When you do strength training, over time, exercises that at first felt difficult become easier as your muscles increase in strength and size – a process called hypertrophy. Bigger muscles simply have larger muscle fibers and cells, and this allows you to lift heavier weights. As you keep working out, you can continue to increase the difficulty or weight of the exercises as your muscles get bigger and stronger.

It is easy to see that working out makes muscles bigger, but what is actually happening to the cells as muscles increase in strength and size in response to resistance training?

Any time you move your body, you are doing so by shortening and pulling with your muscles – a process called contraction. This is how muscles spend energy to generate force and produce movement. Every time you contract a muscle – especially when you have to work hard to do the contraction, like when lifting weights – the action causes changes to the levels of various chemicals in your muscles. In addition to the chemical changes, there are also specialized receptors on the surface of muscle cells that detect when you move a muscle, generate force or otherwise alter the biochemical machinery within a muscle.
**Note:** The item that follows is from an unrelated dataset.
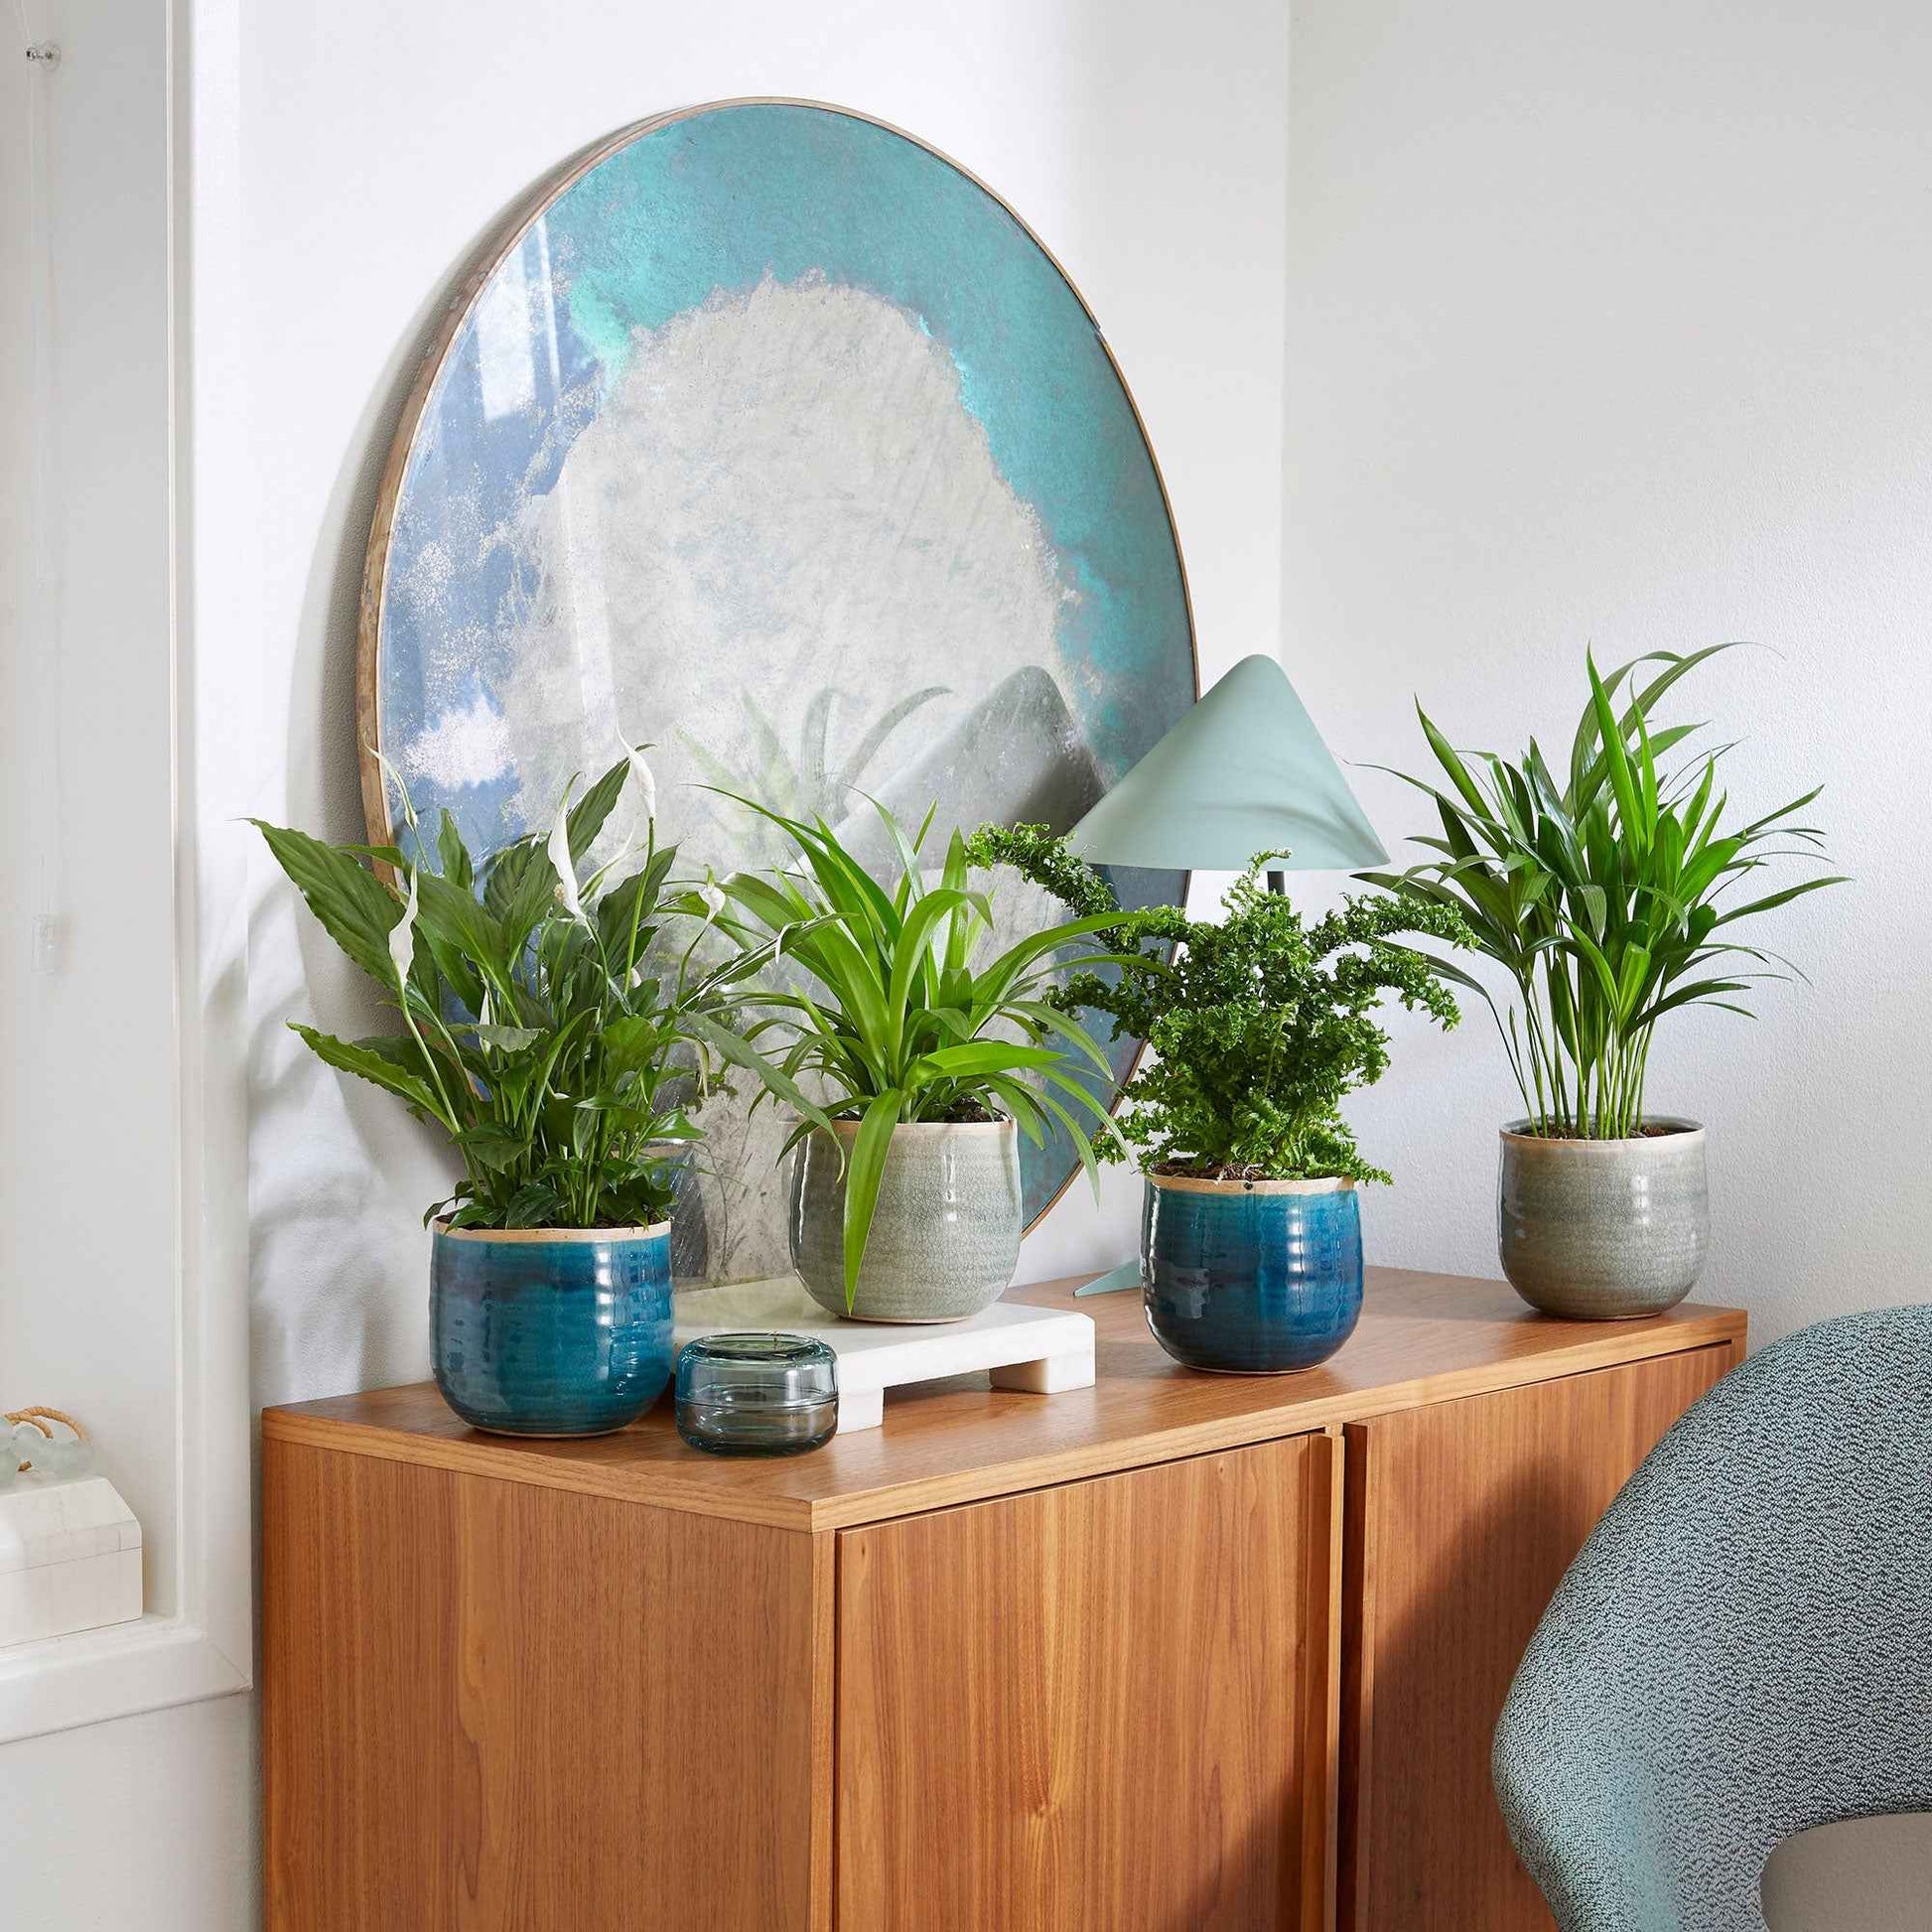 4x Plante d'intérieur purificatrice d'air - Mélange incl. cache-pots verts et bleus - Ensembles de plantes d'intérieur

In a healthy young person, when these chemical and mechanical sensory systems detect muscle movement, they turn on a number of specialized chemical pathways within the muscle. These pathways in turn trigger the production of more proteins that get incorporated into the muscle fibers and cause the muscle to increase in size.

These cellular pathways also turn on genes that code for specific proteins in cells that make up the muscles contracting machinery. This activation of gene expression is a longer-term process, with genes being turned on or off for several hours after a single session of resistance exercise.

The overall effect of these many exercise-induced changes is to cause your muscles to get bigger.